The Knowledge, Skills, and Abilities needed for this role:

• Knowledge of or experience with Companion Diagnostic (CDx) studies.
• Team-oriented with excellent collaboration skills with a cross-functional team.
• Open-minded to learn new ways of doing things while leveraging previous experience.
• Knowledge of or experience with EU In Vitro Device Regulation (IVDR) submission process.

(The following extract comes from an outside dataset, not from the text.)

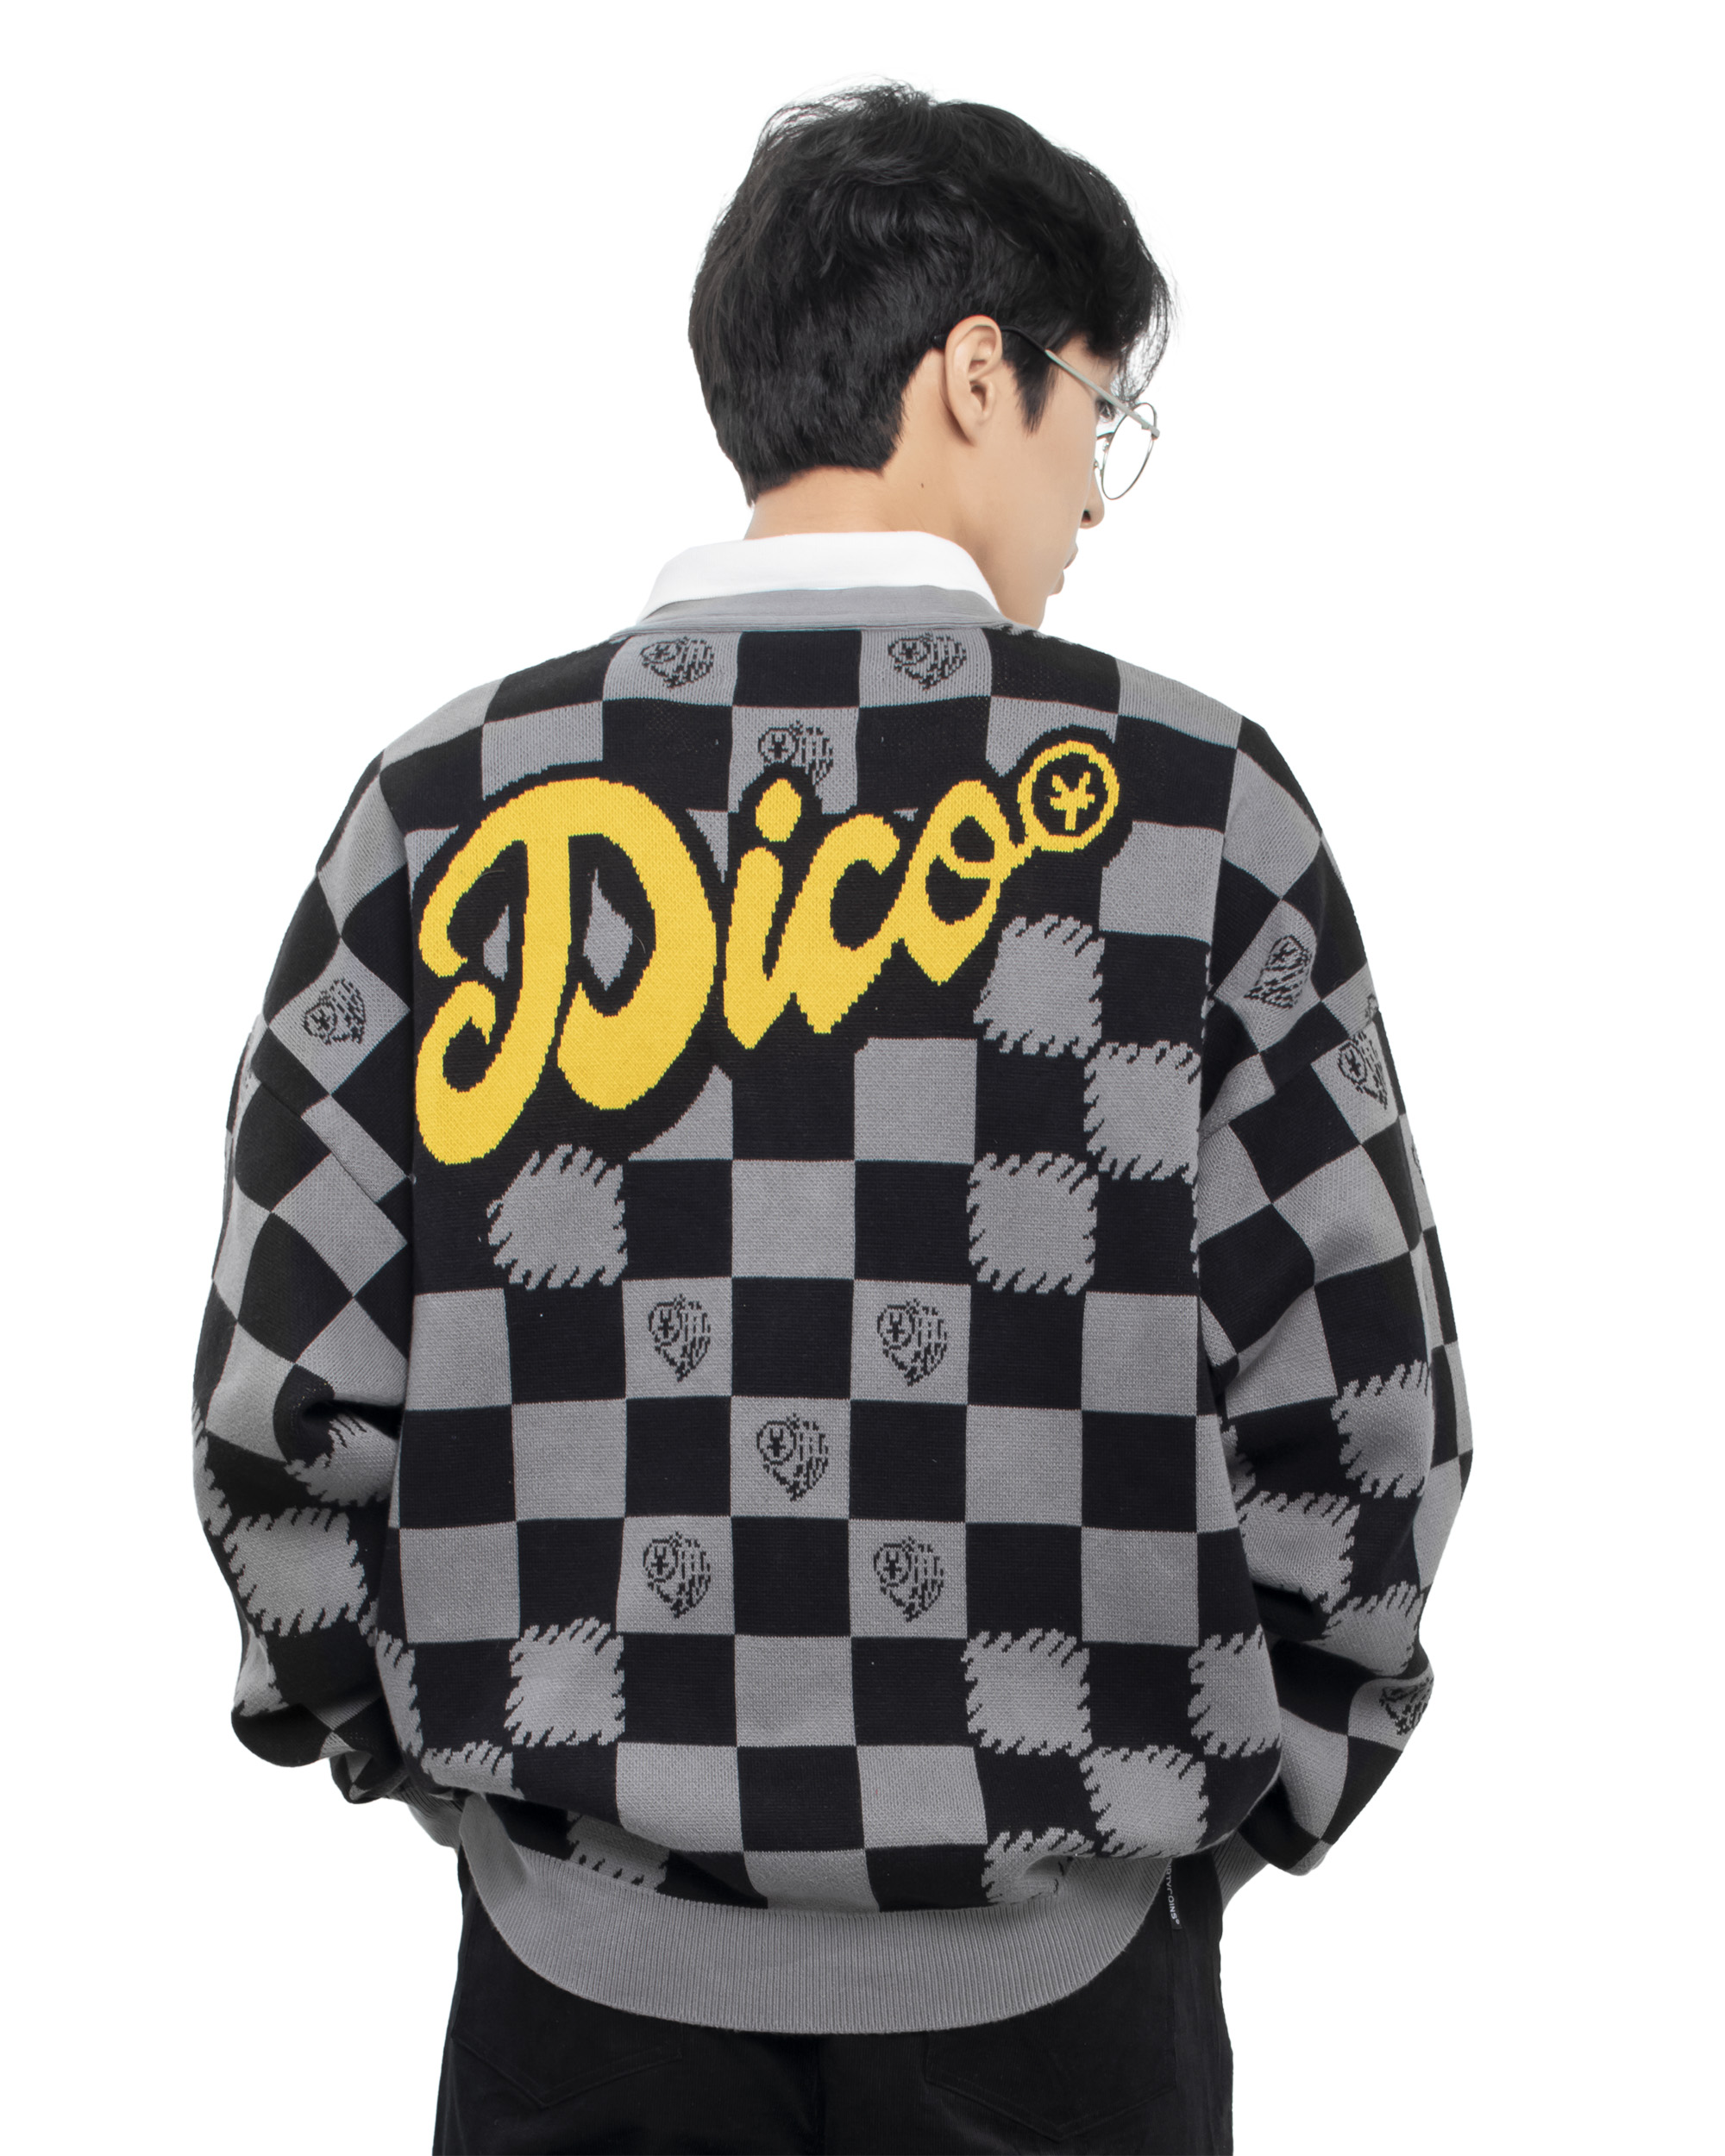 Dico Checkerboard Knit Cardigan - Grey

Preferred experience or characteristics across Path and Core Lab:

• Knowledge of or experience with Companion Diagnostic (CDx) studies.
• Knowledge of or experience with EU In Vitro Device Regulation (IVDR) submission process to individual ethic committees (EC) and competent authorities (CA) in countries participating in the Pharm or Dia trial.
  • The change from IVD Directive (IVDD) to the Regulation (IVDR) became effective in May 2022 and is a much stricter process. For CDx studies, there is a requirement for a joint Pharma/Dia submission or notification package to be created and submitted to each country participating in the clinical performance study. There are typically feedback rounds with either EC or CA that must be resolved prior to the granting of approval. Each EC and CA must grant the approval or favorable opinion before either Pharma or Dia trial can start in that country.
  • The GSLs are very involved in the creation of the submission packages and resolution of feedback as well as the close out process once the study has completed for each country.

Preferred experience for Pathology lab:

• Experience with pathology, tissue diagnostics, or histology for tissue preparation or slide handling.
• Experience or knowledge of the Benchmark Ultra (or competitor tissue staining instrument).

Preferred experience for Core lab:

• Experience with serology (serum or plasma) collection, processing, and testing procedures.
• Experience or knowledge of the cobas instruments (i.e. cobas e801) and Elecsys immunoassays or competitor serology testing instruments (Beckman, Siemens, Abbott, Ortho).

What We Offer You:

We put our employees at the center of everything we do and are committed to providing them, and their families, with benefits that meet their diverse and changing needs. We invest in integrated benefits programs and resources to take care of our employees' physical, mental, and emotional, financial, and social well-being so they can thrive at home and at work, at any stage of their well-being journey.

IQVIA is a leading global provider of clinical research services, commercial insights and healthcare intelligence to the life sciences and healthcare industries. We create intelligent connections to accelerate the development and commercialization of innovative medical treatments to help improve patient outcomes and population health worldwide. Learn more at

IQVIA is proud to be an equal opportunity employer. All qualified applicants will receive consideration for employment without regard to race, color, religion, sex, sexual orientation, gender identity, national origin, disability, status as a protected veteran, or any other status protected by applicable law.

The potential base pay range for this role, when annualized, is $93,100.00 - $232,800.00. The actual base pay offered may vary based on a number of factors including job-related qualifications such as knowledge, skills, education, and experience; location; and/or schedule (full or part-time). Dependent on the position offered, incentive plans, bonuses, and/or other forms of compensation may be offered, in addition to a range of health and welfare and/or other benefits.